Polyaniline (PANI) stands out for its ease of synthesis using low-cost monomers, making it a highly attractive material for large-scale applications. Its electrochemical properties, particularly the reversible acid/base redox behavior, lend it high pseudocapacitive performance, which can be effectively utilized in environmental applications such as wastewater treatment and adsorption of harmful contaminants. PANI's unique ability to undergo chemical oxidation and reduction makes it an ideal material for capturing a wide range of pollutants from water, including dyes, heavy metals, and organic compounds. Its high conductivity and electrochemical stability further enhance its suitability for use in adsorption-based water purification systems.^11–13

The distinctive feature of PANI lies in its capacity to absorb visible light, thereby undergoing a π → π* electronic transition from the highest occupied molecular orbital (HOMO) to the lowest unoccupied molecular orbital (LUMO), engendering holes (h⁺) in HOMO. This process facilitates facile charge separation, enabling efficient photocatalytic activity, particularly in the degradation of organic dyes under visible light, thereby underscoring the commendable suitability of various PANI morphologies for environmentally significant applications.¹⁴

PANI nanostructures, with enhanced conductivity, stability, and redox properties, show promise in energy-storage devices, sensors, batteries, electrodes, capacitors, molecular electronics, and catalysis.^15,16 Studies have shown that the properties of polyaniline (PANI), such as conductivity, capacitance, catalytic ability, and gas sensitivity, are significantly influenced by its shape and morphology.¹⁷ This relationship between structure and properties is crucial in tailoring PANI for specific applications.
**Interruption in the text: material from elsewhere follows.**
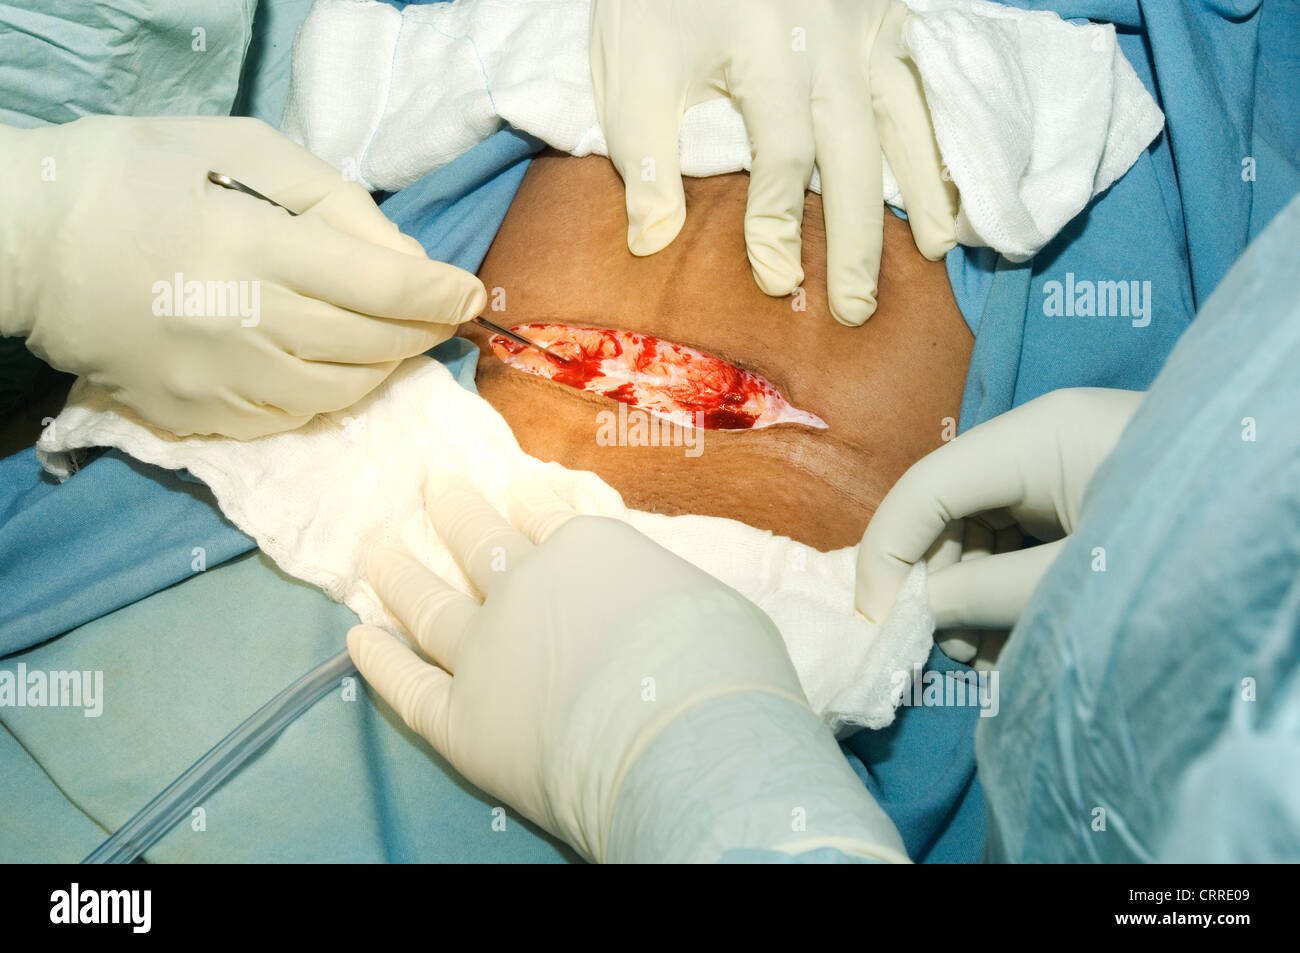 A surgeon uses a scalpel to make the initial incision during a Caesarean delivery. Stock Photo

For instance, the work of Natalija German et al.¹⁸ demonstrates the synthesis of PANI nanoparticles using glucose oxidase (GOx), highlighting the importance of controlling the size and morphology to achieve optimal electrochemical behavior. The detailed characterization of these nanoparticles revealed that their properties could be finely tuned by adjusting the synthesis conditions. Furthermore, Min Seong Cho et al.¹⁹ explored the use of different stabilizers, such as polyvinyl alcohol (PVA) and polystyrene sulfonate (PSSA), to synthesize nano-sized PANI particles. They found that PANI–PSSA composites exhibited superior doping levels and conductivity compared to PANI-HCl/PVA, underlining the significant role that morphology and doping level play in enhancing the material's electronic properties. Additionally, the study by Jingping Wang et al.²⁰ reviewed various chemical methods for fabricating one-dimensional nanostructured PANI, such as solid-state polymerization and microwave-assisted techniques. These methods facilitated precise control over the morphology of the material, thereby enabling the development of PANI-based sensors, energy storage devices, and other electronic applications. Moreover, Raju Vivek et al.²¹ emphasized the biomedical potential of PANI nanoparticles, noting that their size and shape are critical for applications in biosensors, neural probes, and cancer therapy. Similarly, Bakhshali Massoumi et al.²² examined different synthesis techniques, including emulsion and ultrasonic methods, which revealed how variations in solvent, electrolyte, and dopant choice can influence PANI's structure and conductivity. Collectively, these studies underline the vital role of material morphology in determining the performance of PANI in a wide range of applications.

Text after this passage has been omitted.